Council tax benefits – did councillors miss or ignore that open goal?

🕔19.Oct 2012

There were so many points raised by ‘the most boring council meeting ever’, as recounted on Marc Reeves and Paul Dale’s podcast, that it’s hard to know where to begin. So how about the seemingly gaping open goal missed by Conservative and Lib Dem councillors?

We’re talking council tax benefit changes, and the Report Stage of the Local Government Finance Bill in the House of Lords, taking place at the very same time as Tuesday’s council meeting – and specifically, the Labour leadership’s decision to whip its peers into opposing the one measure that might have ameliorated councils’ immediate problems in implementing the changes and the even bigger pressures on their overall finances.

These benefit changes are a hugely important and controversial Coalition policy, revealing what its critics would claim is the true nature of both its welfare philosophy and its interpretation of ‘localisation’. The story has been unfolding fast, too fast, over the summer, and one might have thought that in the first council meeting for three months there would have been dozens of questions that councillors would wish to put to Sir Albert Bore and his cabinet colleagues – whether genuinely for information relevant to their constituents or for simple political devilment. It seemed not.
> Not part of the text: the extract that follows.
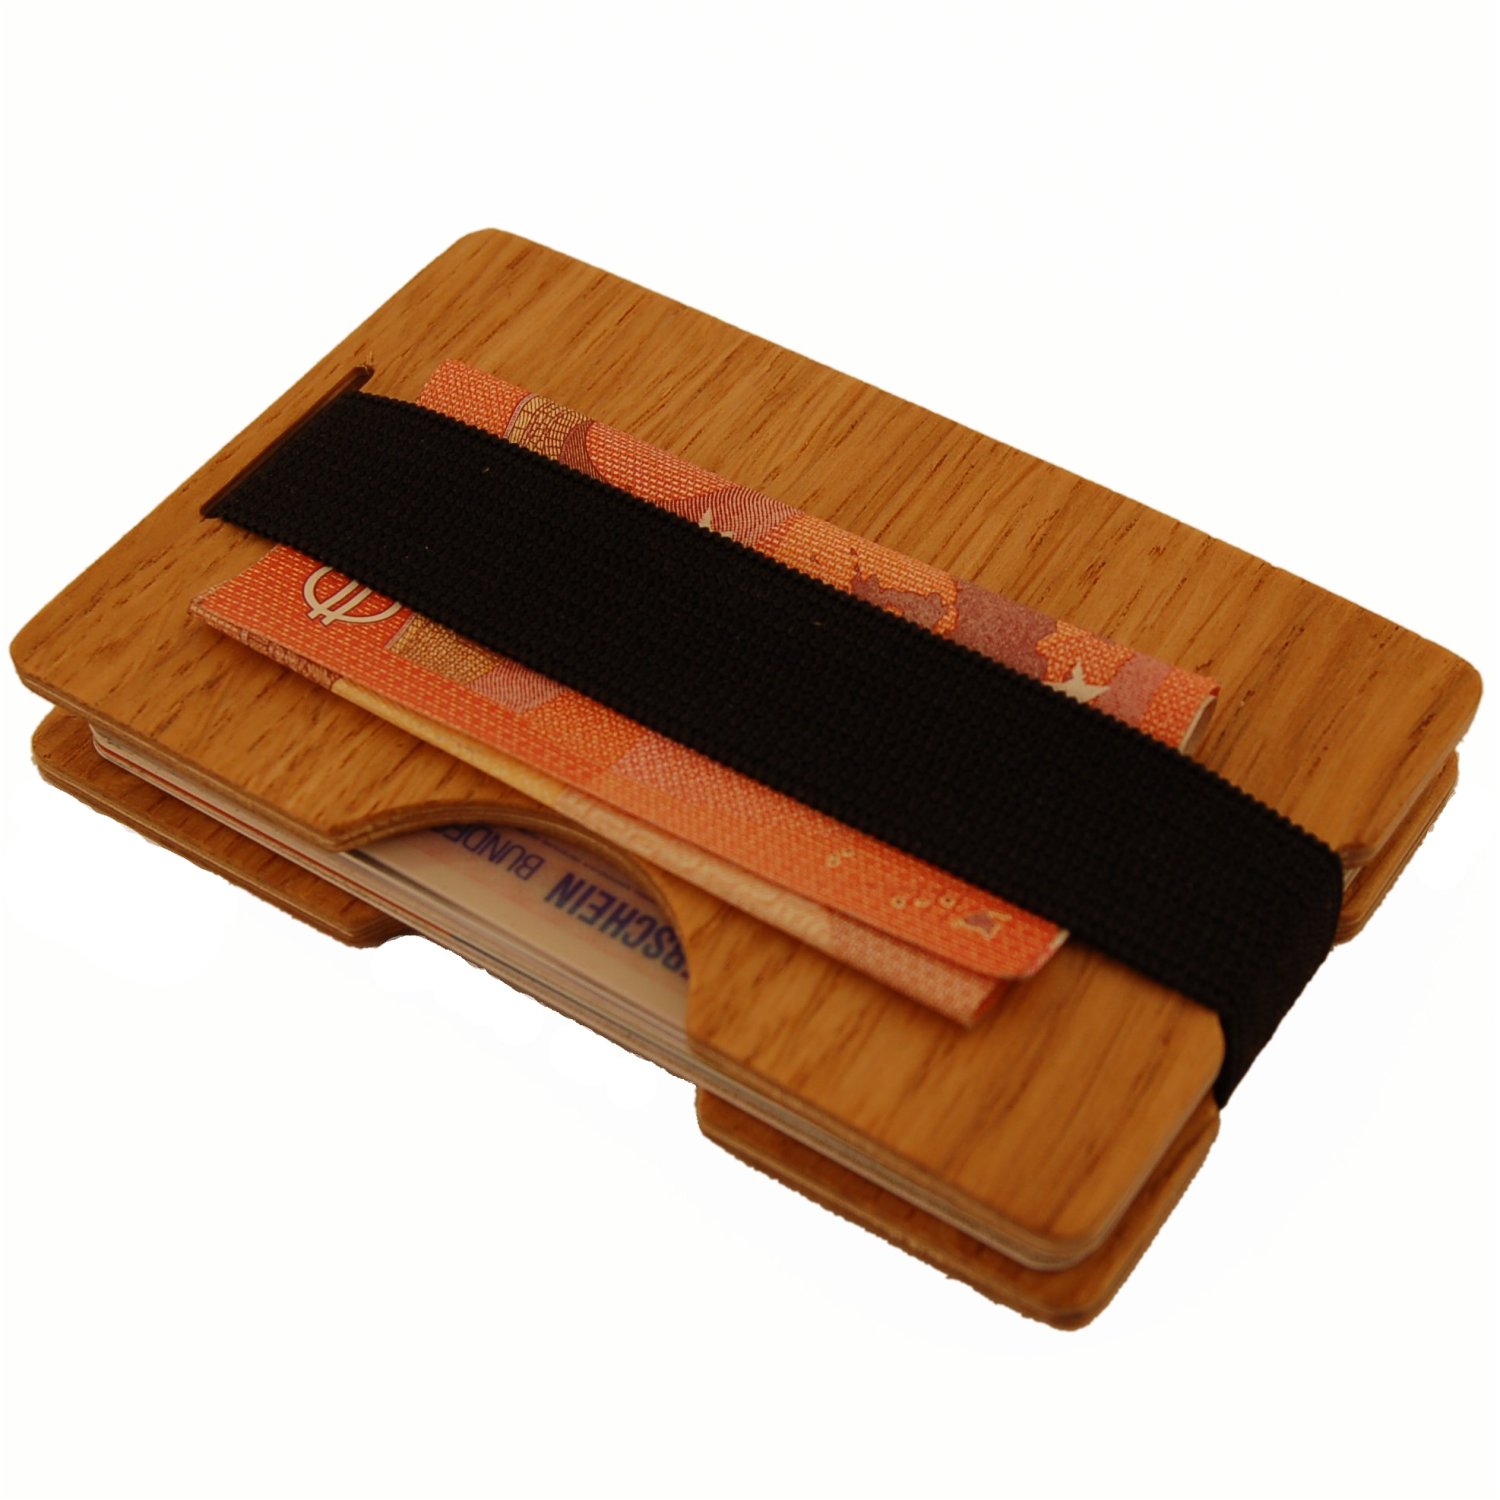 Mini portafoglio in legno fatto con legno naturale sostenibile

Details of where we’ve got to are on the Council’s website under so what follows is extremely summarised. From next April, the Government is abolishing (CTB), a means-tested benefit currently paid for by the Department for Work and Pensions, but administered by local councils – in Birmingham’s case, £100 million to approximately 137,000 council tax payers. It will be replaced by Council Tax Support – financial support schemes determined and operated by local authorities themselves.
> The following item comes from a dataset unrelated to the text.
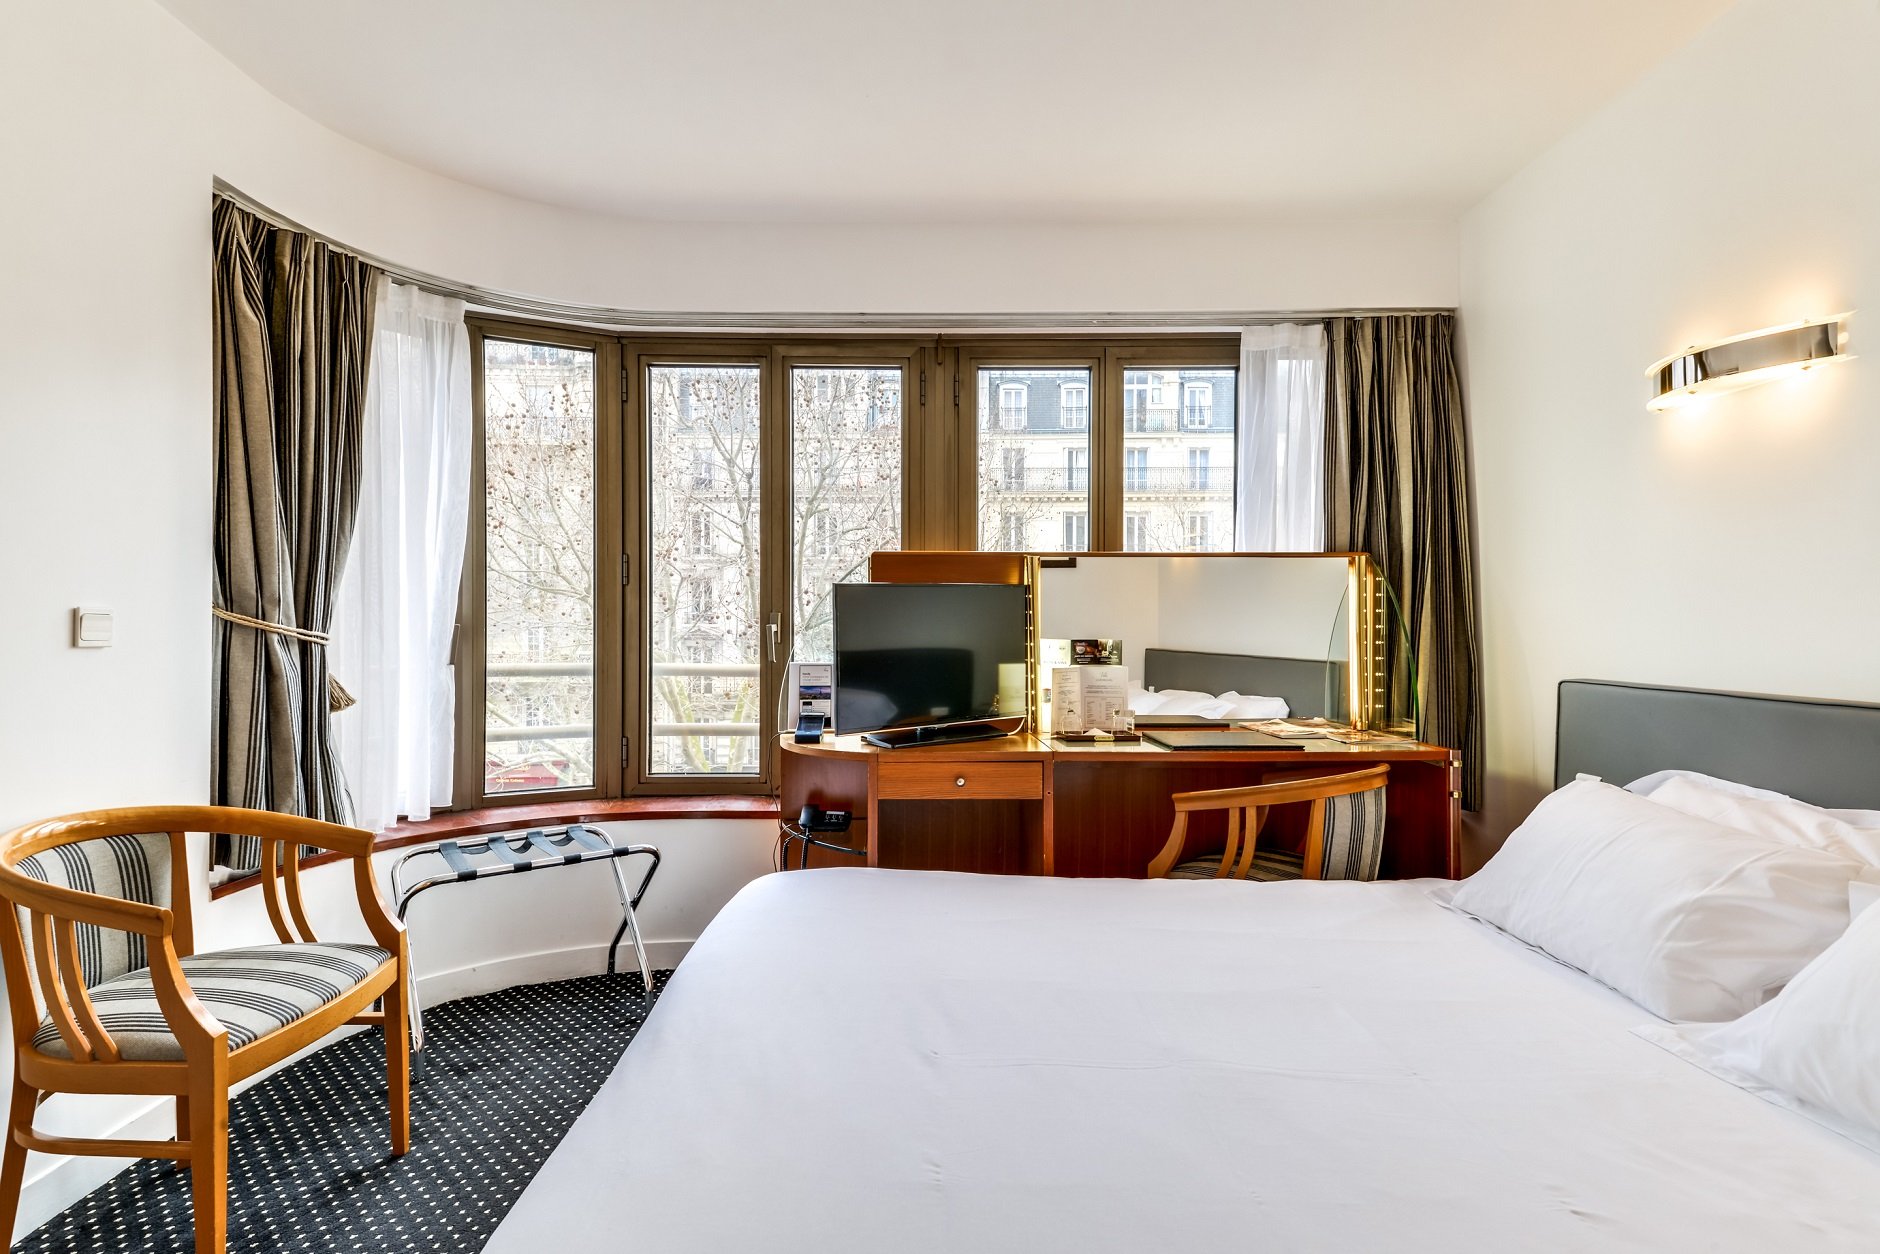 57/Chambres/4star-hotel-Montparnasse-Tower.jpg

It sounds like a commendable transfer of responsibilities from Whitehall to town hall – until you come to the attached strings. First, the Government’s aim is to reduce the current CTB bill by 10% by strengthening councils’ incentives to get people back into work. The amount it pays local authorities for their new schemes, therefore, will be 10% less than for CTB, creating for Birmingham a funding gap of £10.9 million.

Second, the Government has decreed that pensioners receiving CTB must, and other particularly vulnerable groups should, be protected against any reduction in support. In Birmingham this means 54,000 pensioners are protected, while 83,000 working-age recipients are left shouldering potentially the whole savings burden.

Only here does the localisation bit actually start, with councils having the discretion to devise their own schemes to achieve these savings, so long as they do so by January 2013. In practice, this discretion amounts to three unenviable choices: spreading the cut in funding equally across virtually all CTB recipients apart from pensioners; giving the rebate to certain groups only; or continuing with the full rebate, and filling the gap either through raising council tax or finding savings elsewhere, on top of the savings already being demanded by the Government.

Selecting, rejecting and balancing these choices was one of the more important tasks the Council undertook over the summer, and about which cabinet members might have been but weren’t quizzed at Tuesday’s council meeting. Fortunately, the results are in the public domain.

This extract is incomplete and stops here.